- Location: Ontario
- Coordinates: 44°53′17″N 78°07′37″W﻿ / ﻿44.888°N 78.127°W
- Basin countries: Canada

= Eels Lake =

Lake in Ontario, Canada

Eels Lake is a lake located between the Kawartha lakes and Haliburton Highlands region of Ontario, Canada. The lake is about 974.8 hectares. It is approximately 170 Km Northeast of Toronto.

== History ==
Eel Cow, an Ojibwe chieftain, for which the lake is named, claimed this area and surrounding land as his family's hunting and fishing territory in the early 1800s.

== Fishing ==
The many islands and bays found in the lake make for ideal smallmouth bass, largemouth bass and Rock bass habitat. The lake also has natural population of lake trout, walleye, and yellow perch. In order to help preserve the natural lake trout population of Eels Lake, slot size and winter ice fishing restrictions are in place.

== Limnology ==
Eels Lake has high water clarity and good water quality, with Secchi depths usually ranging from 4 to 6 meters.

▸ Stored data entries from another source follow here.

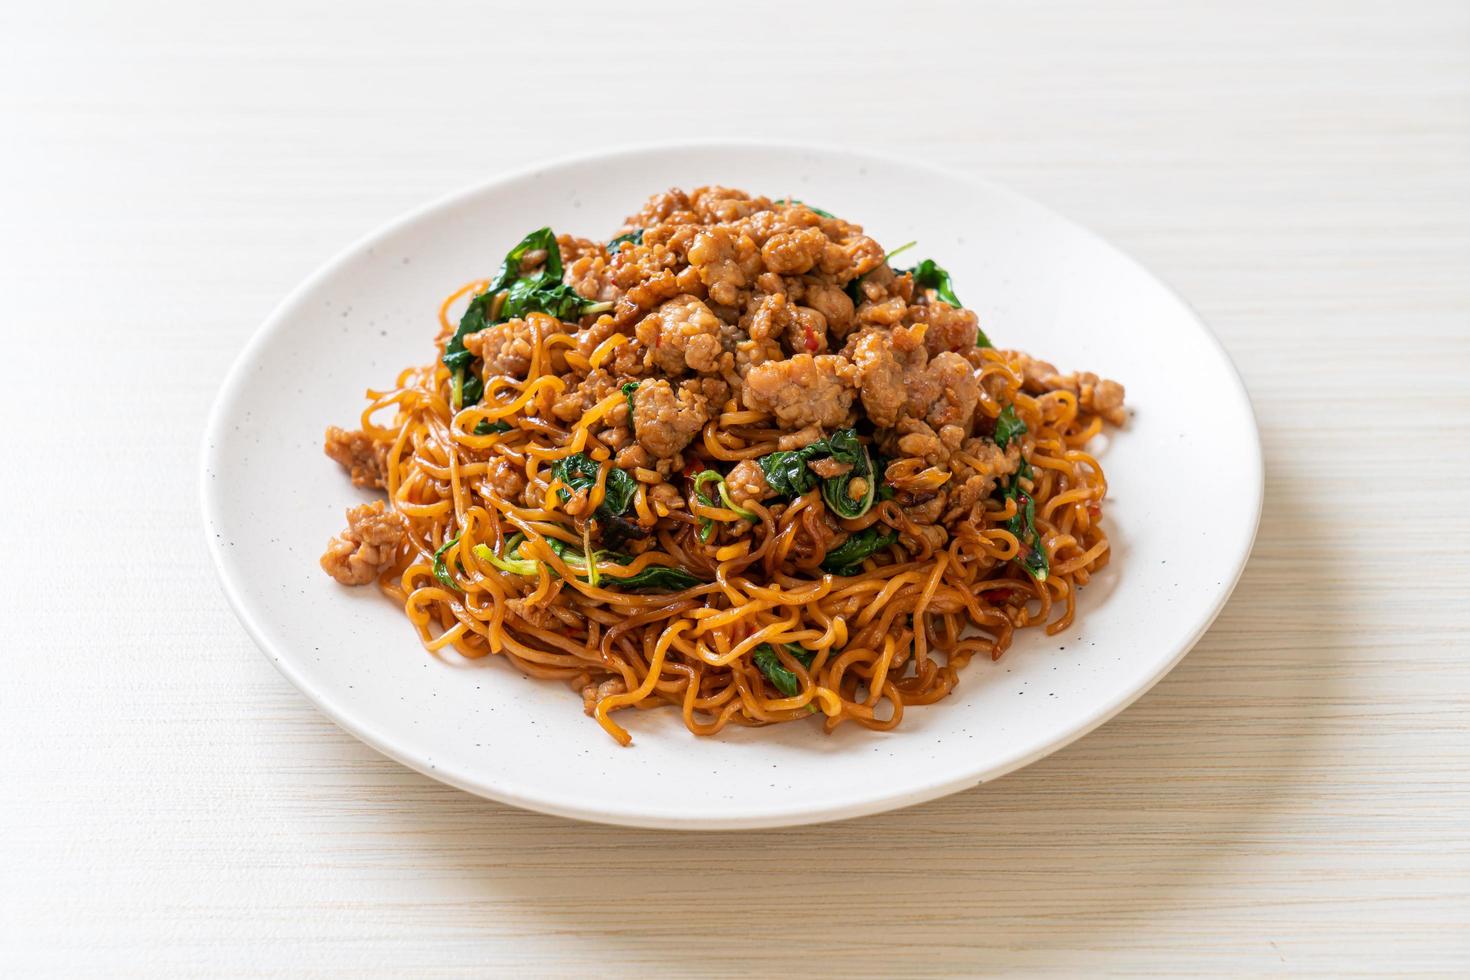 noodles istantanei saltati in padella con basilico tailandese e carne di maiale macinata - stile asiatico foto
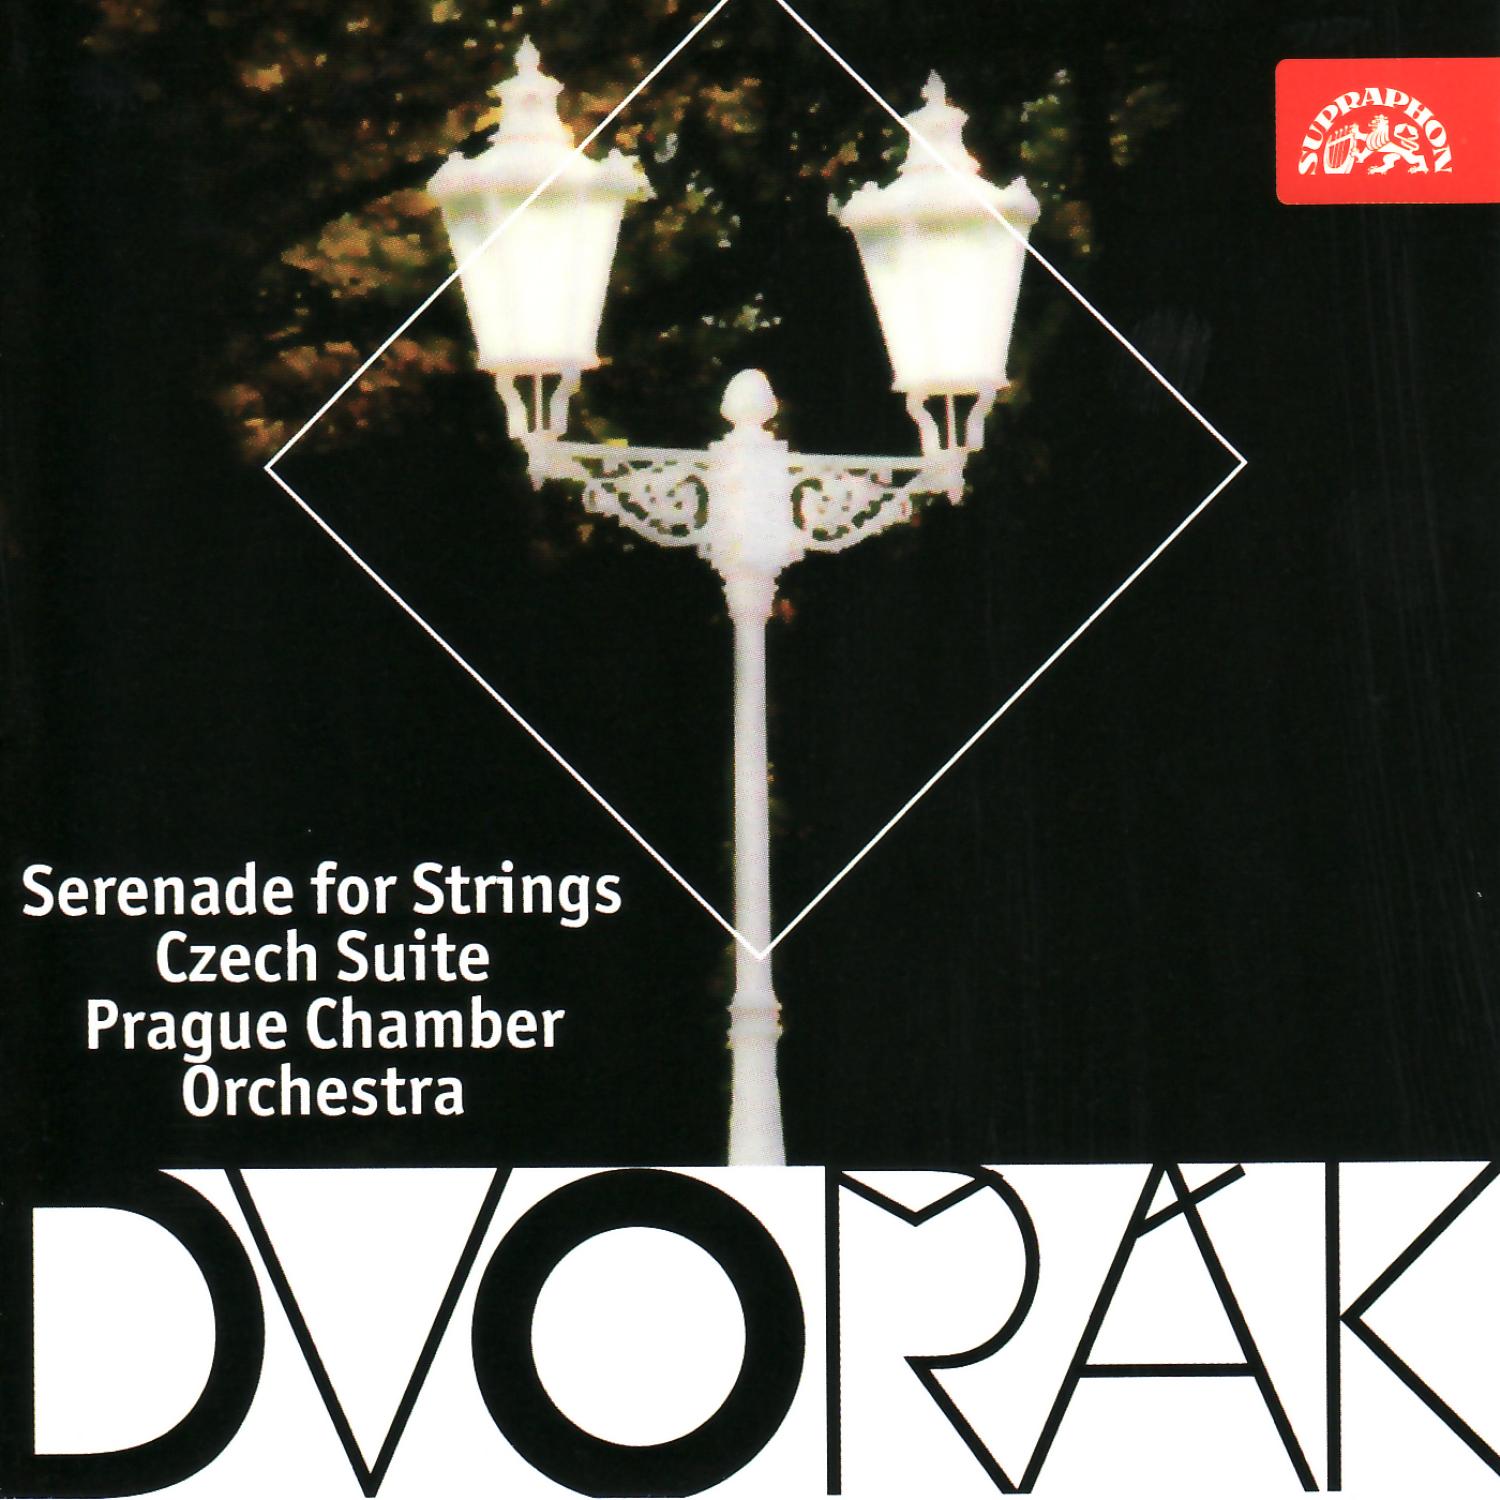 Dvoa k: Serenade for Strings, Czech Suite
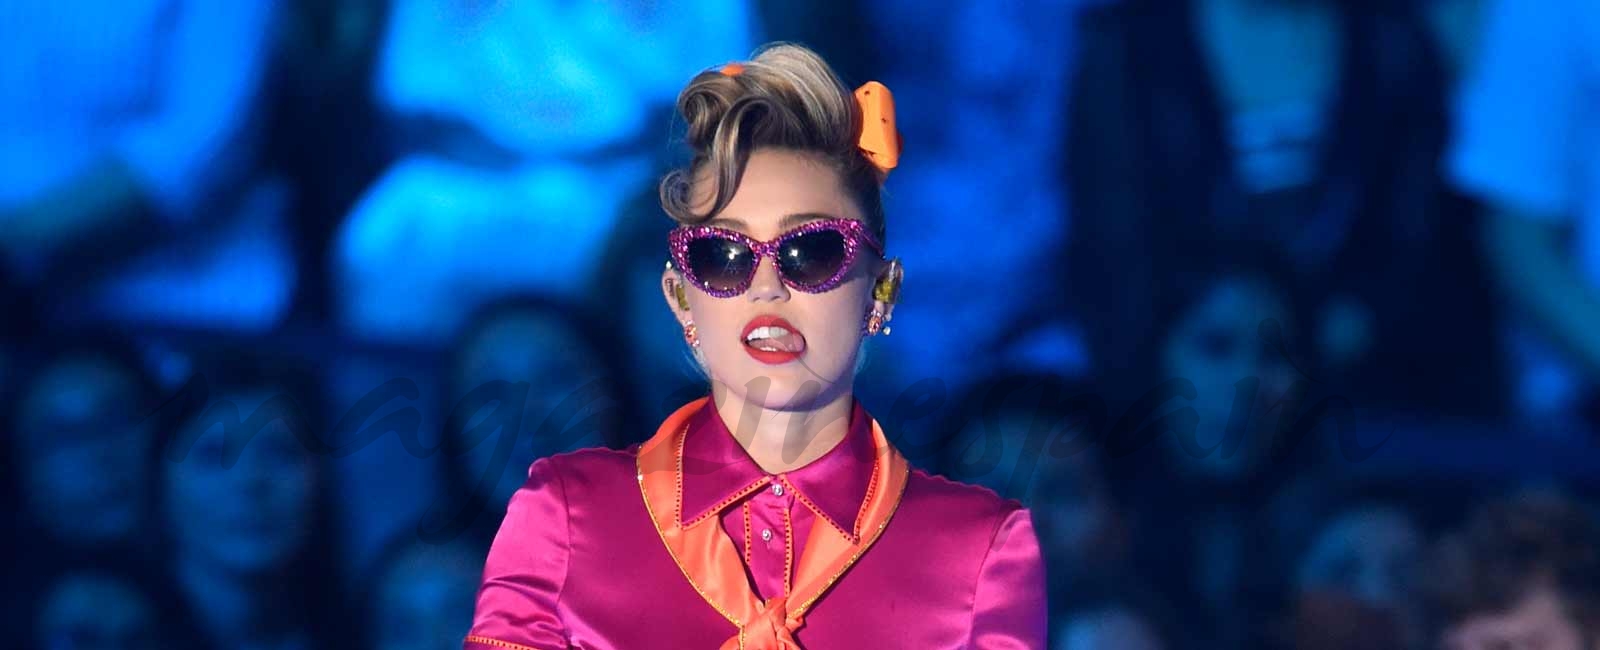 Miley Cyrus la “reina” del escándalo
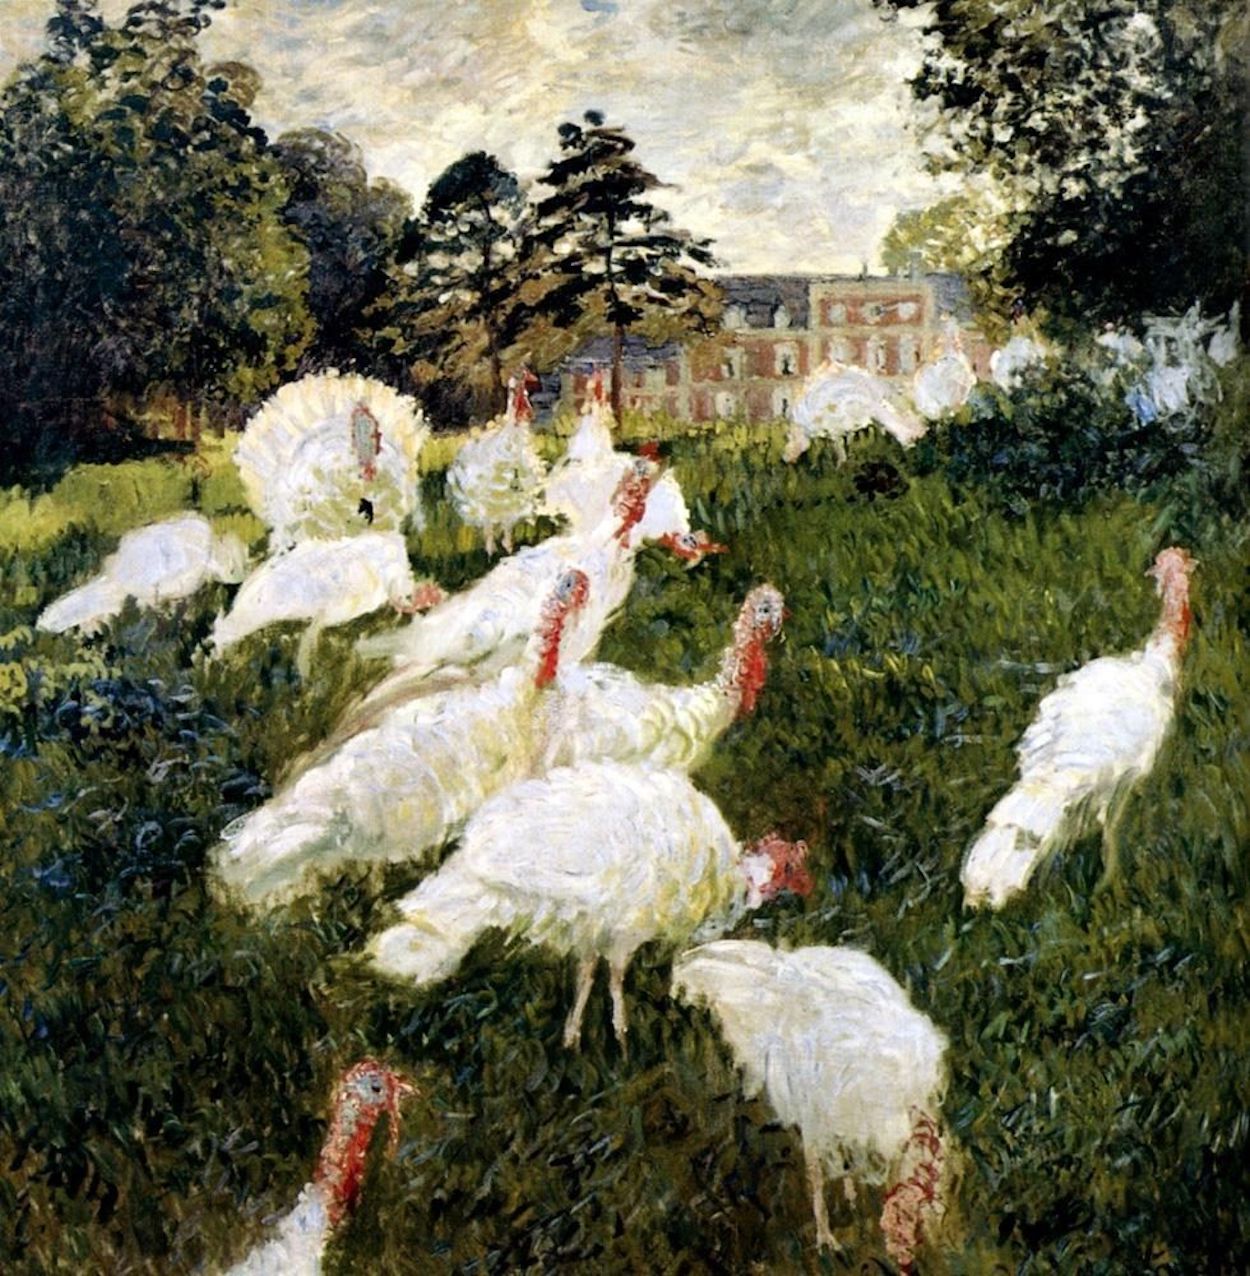 Krocani by Claude Monet - 1876 - 174 x 172 cm 
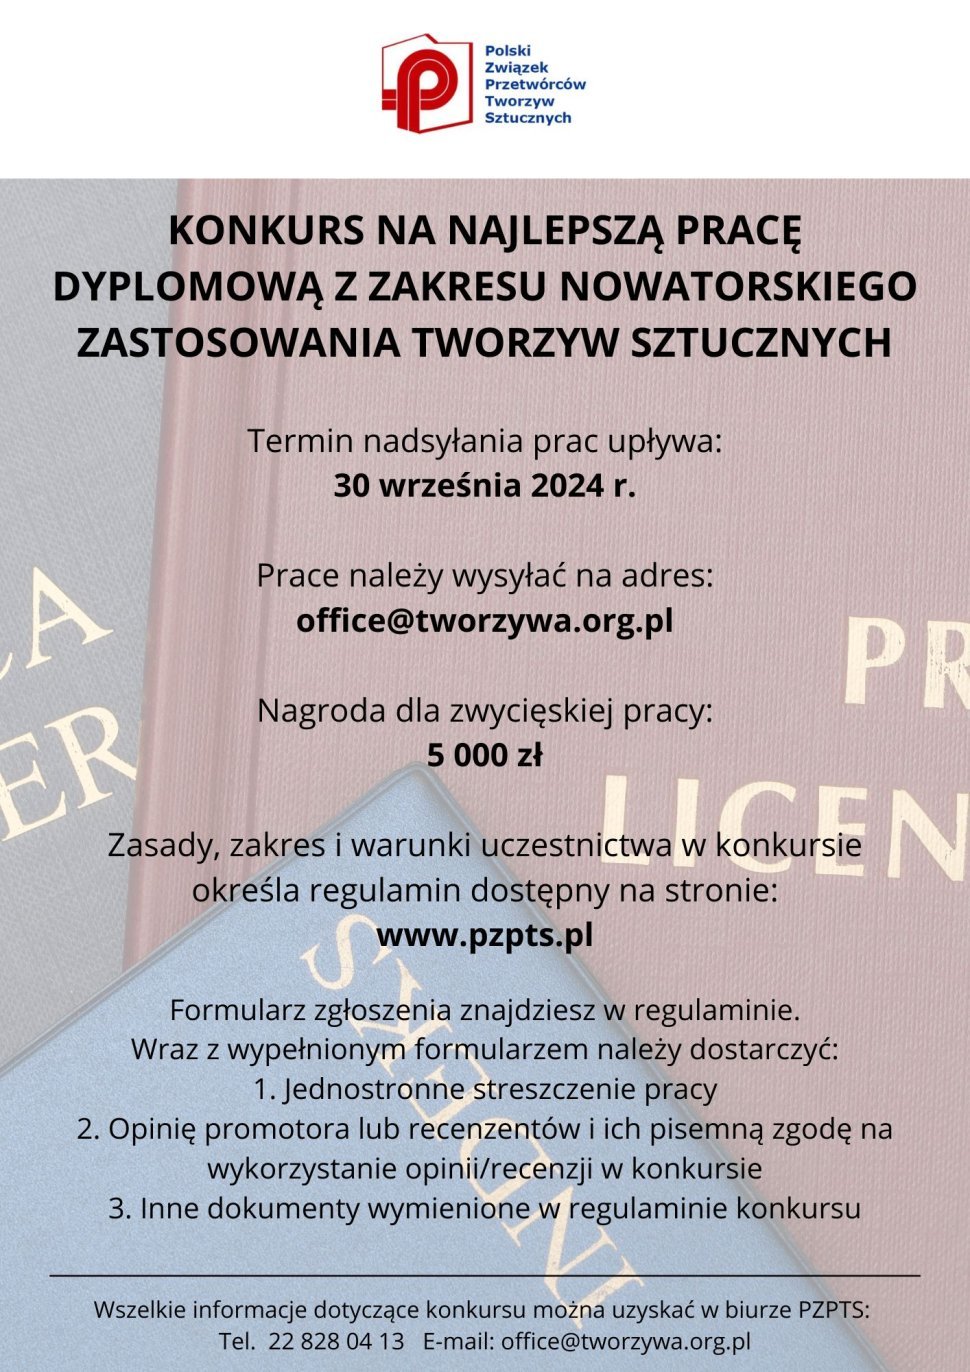 Plakat przedstawiający treść konkursu Polskiego Związku Przetwórców Tworzyw Sztucznych
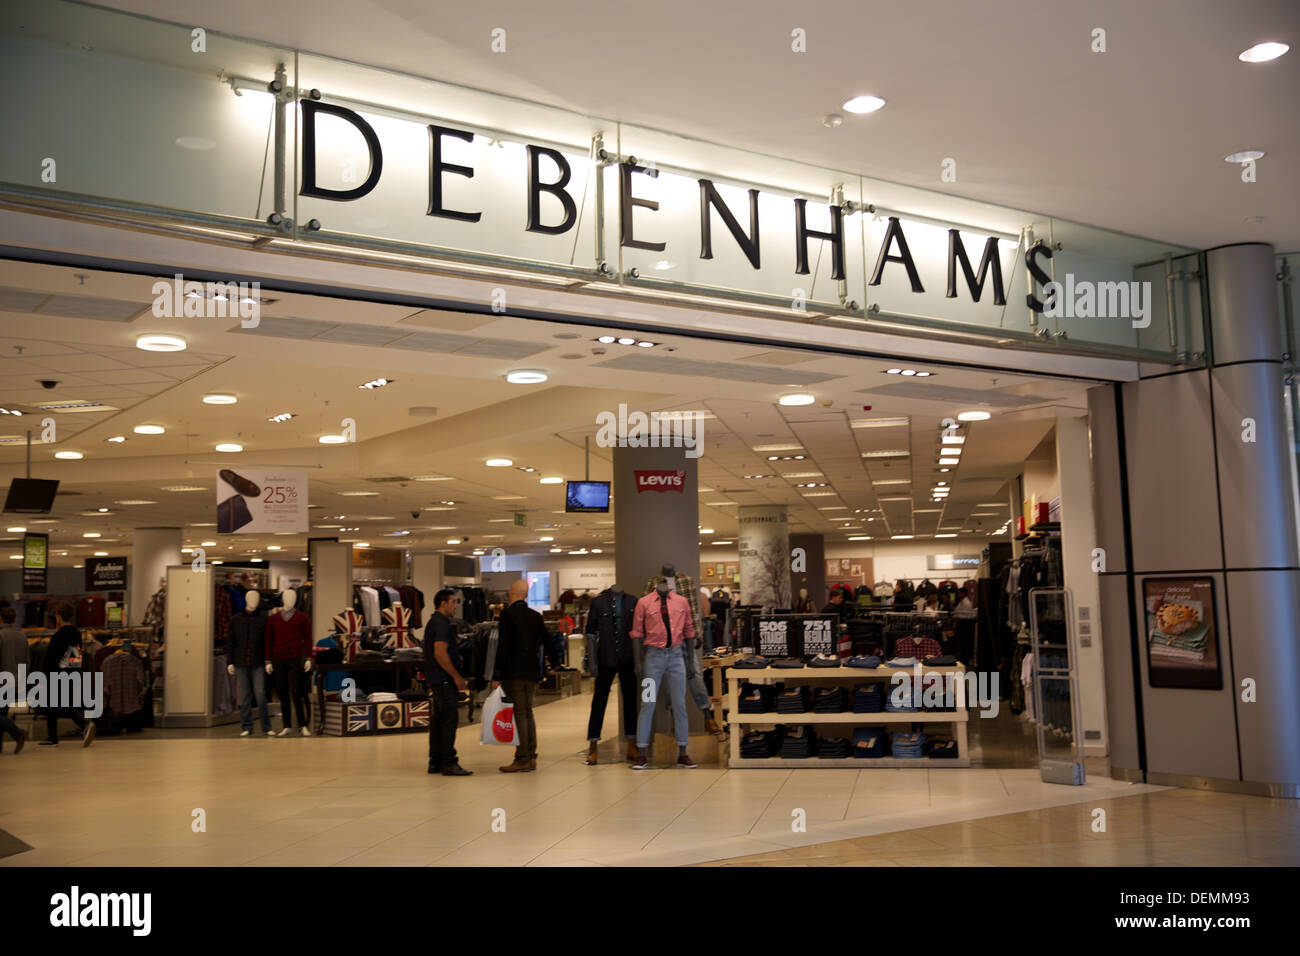 Debenhams Shop Front Stock Photo

Chlorophyll concentrations are generally low, indicating low algal biomass and a low risk of harmful algal blooms. Calcium concentrations are consistent at 7–8 mg Ca/L, lower than the regional average but not of immediate concern. Dissolved oxygen levels have been variable and the source of this variability is unknown and could be studied further. Temperature measurements in Eels Lake show a range from about 21 °C at the surface to 4 °C at the lake’s bottom. Dissolved oxygen is high in surface waters and very low in the deepest waters. Total phosphorus concentrations are generally lower than those seen in other Kawartha region lakes.